How easy was it to build up a gardening business, I wonder? Timing turned out to be more important than Dani had realised. "There's a weekend at the beginning of March, it seems, when everyone looks out at their garden and wants it sorted out for spring." Just before that critical point last year, Dani and his partner, Robert Griffin, dropped business cards round their neighbourhood. From just one road, near Victoria Park in Hackney, they got eight enquiries, all of which turned into work of one sort or another.

Dani offers design, landscaping and maintenance. But what does he actually get asked to do? Maintenance more than design, it seems, though he has done a roof garden for an architect in Shoreditch and is presently engaged in some landscaping in Stoke Newington. "I like maintenance though," he says. "Dealing with overgrown climbers, cutting back, pruning and tying in roses. Pruning roses – that's almost my favourite job. But we put up trellis, weed, mulch. Often we are called in to get rid of things that have died. Then the client will ask if we've any ideas of plants to fill the gaps, so we do a planting plan for them."

He likes euphorbias (excellent), Japanese anemones, heuchera, Verbena bonariensis, arbutus. He does not like noisy machinery, particularly leaf blowers. On that score alone, I'd hire him. We'd be outside now looking at some of his gardens if they weren't all shrouded in snow, so in the café we look at pictures instead: nice drystone walling, done by Rob, comfortably established perennials planted by Dani.

Like Dani, Rob is a Herefordshire boy (they've been friends for at least 15 years) who took to gardening after finishing a masters degree in illustration at the Royal College of Art. Usefully, they have complementary skills. Rob can produce on-the-spot drawings for clients showing what a finished scheme might look like. Dani has better knowledge of plants. Both know they prefer being outdoors than inside. During this last winter, Rob has been working on a building restoration project in Oxfordshire, Dani has been studying part-time at Capel Manor for a BTec certificate in Countryside Management, specialising in ecology and conservation.

Gardening was something he really wanted to learn, Dani says. He hadn't ever had that feeling about anything else – not even his photography. And he has learnt gardening in the only way that counts. By doing it. For five years before he set up his own company, he laboured for others: laying out roof gardens in St John's Wood, maintaining garden squares in Soho, building climbing frames in Battersea, stripping ivy from boundary fences, planting up galvanised containers, aerating lawns.

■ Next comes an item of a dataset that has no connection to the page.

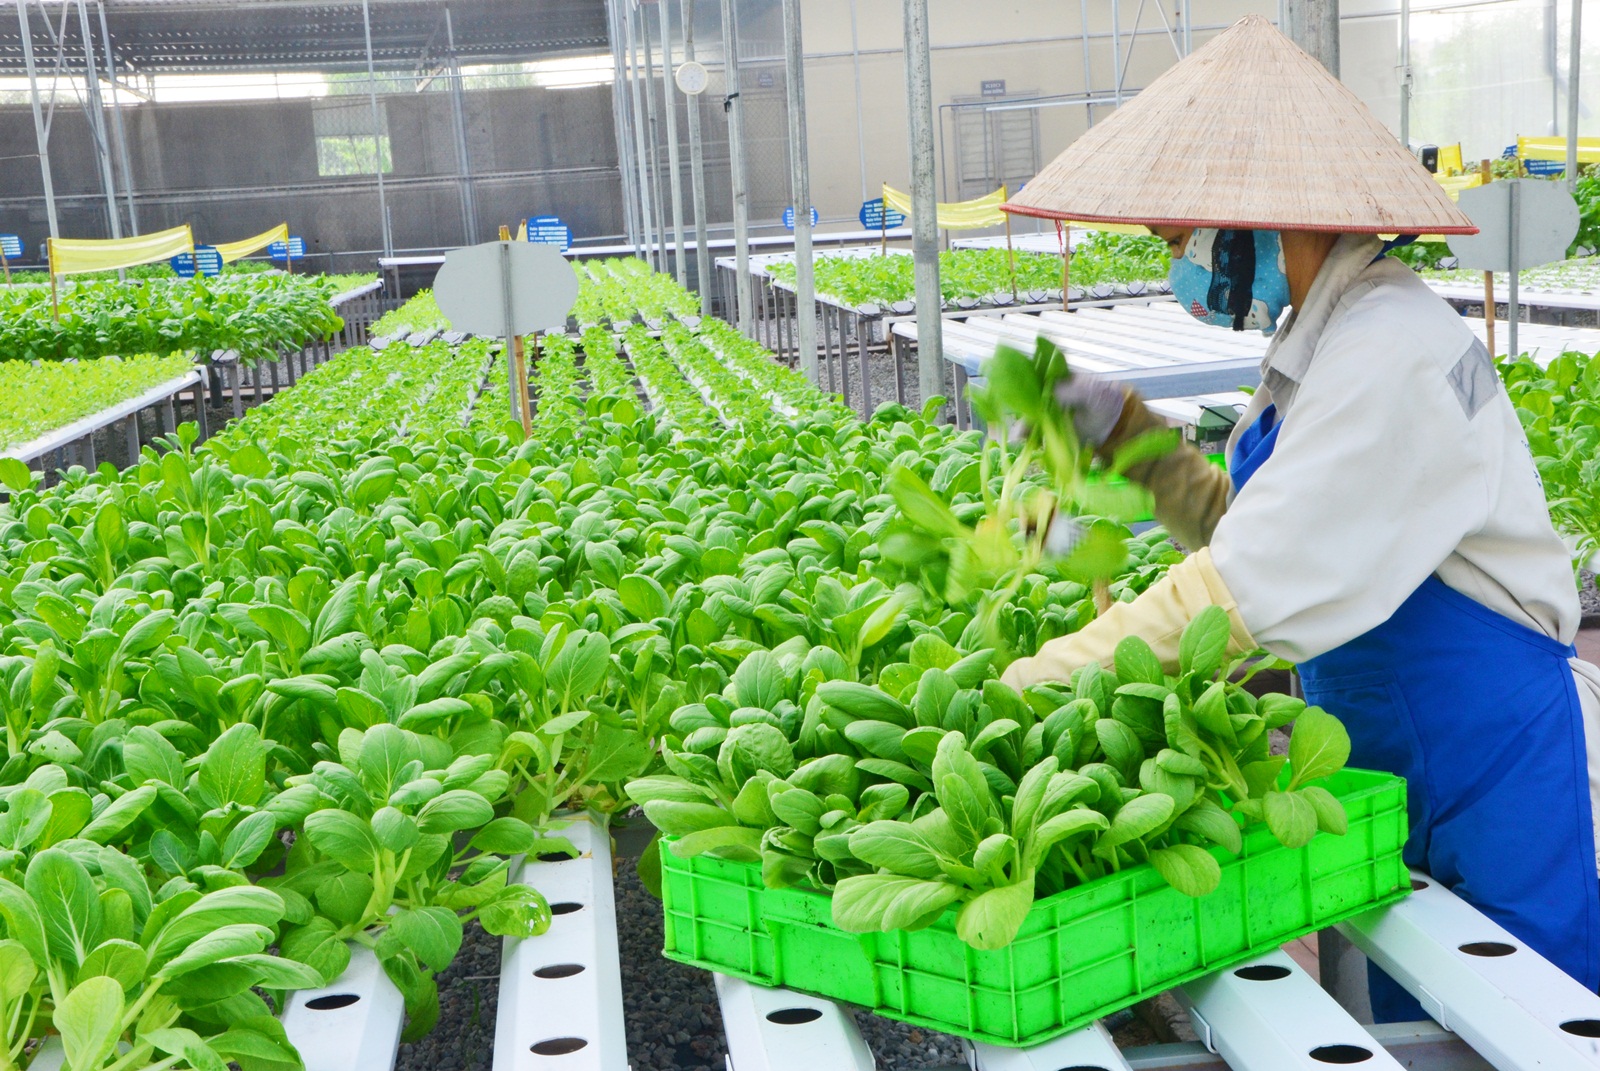 TP Hồ Chí Minh đẩy mạnh nông nghiệp đô thị hiện đại và bền vững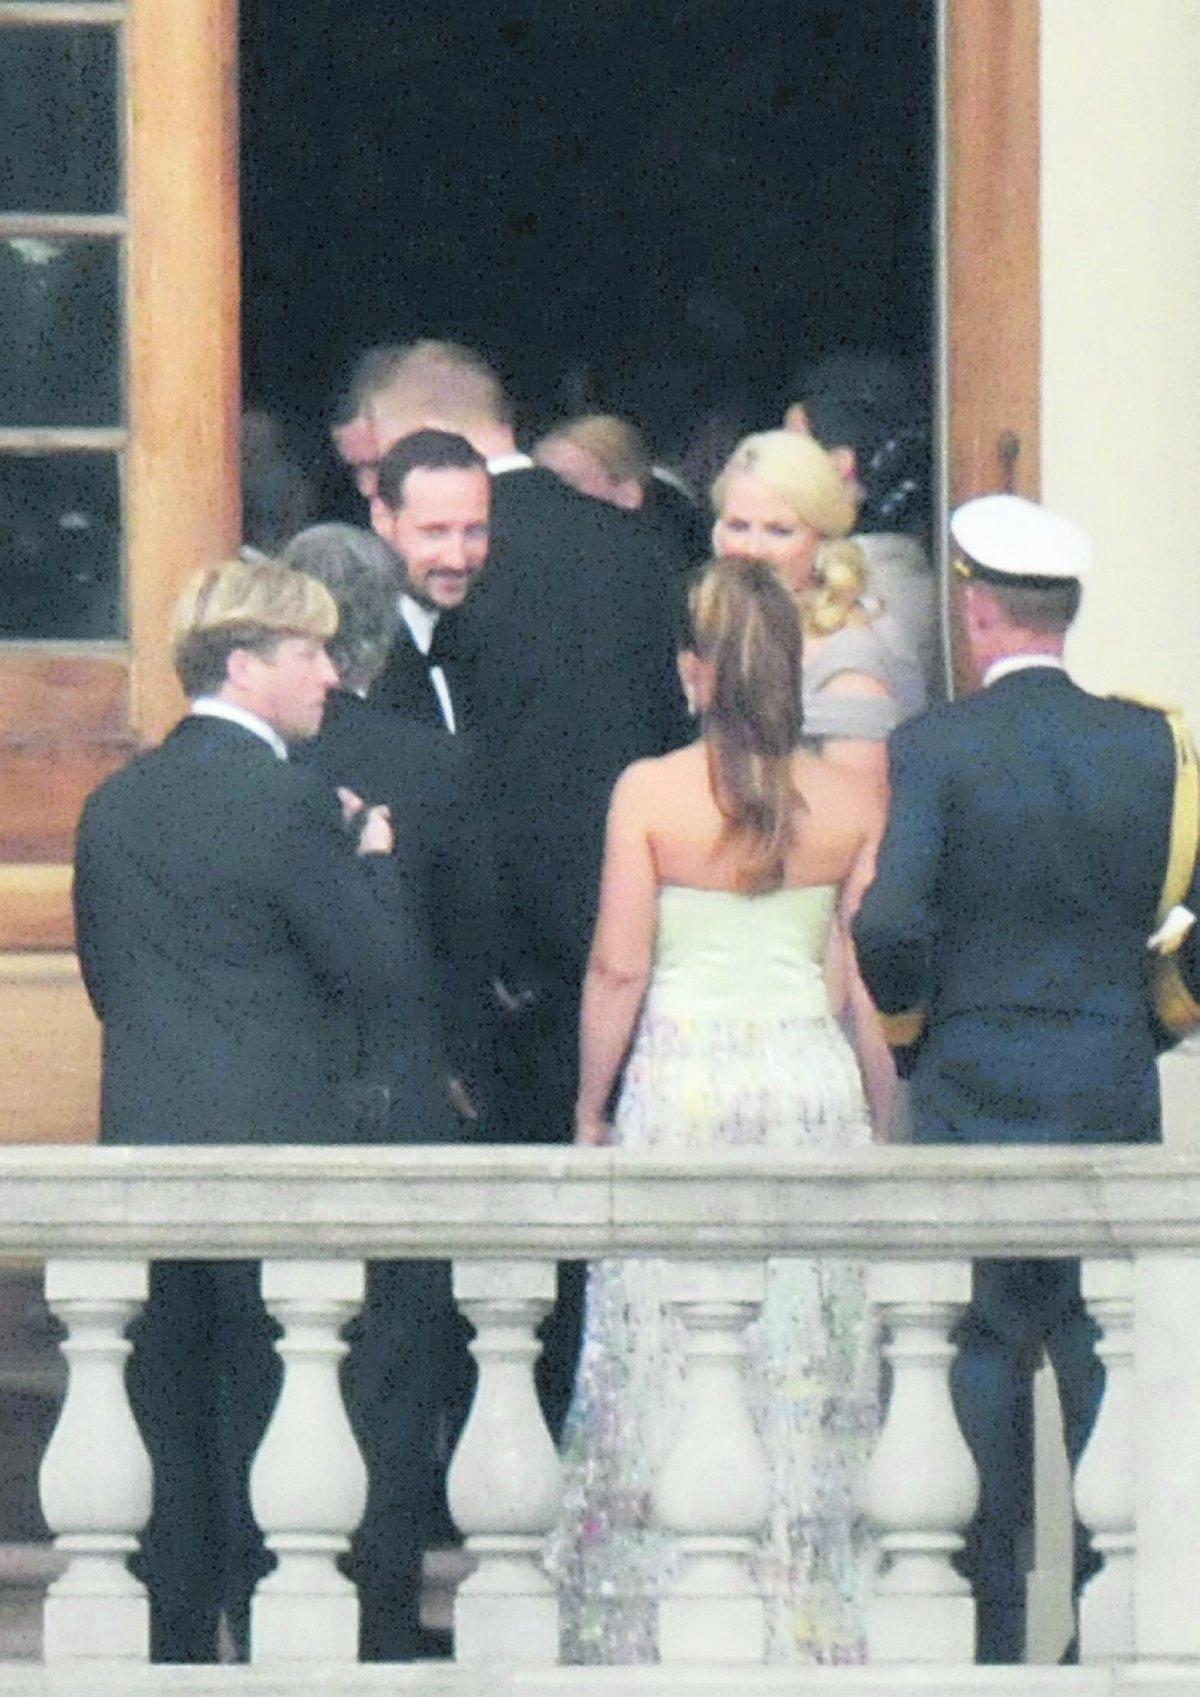 Norska kronprinsparet Haakon och Mette-Marit gör entré tillsammans med prinsessan Märtha Louise och Ari Behn (med ryggarna emot).

Gardening is a portable skill, though. I'm wondering why Dani stays with the hassles of parking fines and decanting wheelbarrows from his van when he could be elsewhere. "Well, London's a bit of an addiction, isn't it?" he says. He must be right. The café is full of people his age, most of them working there on their laptops. But he confesses there is a dream lurking in the future, beyond the boundary fences of Stoke Newington and the flower borders of Haggerston and Dalston. It's of an orchard in Herefordshire, planted with perry pears, with himself as owner and manager. I'll drink to that.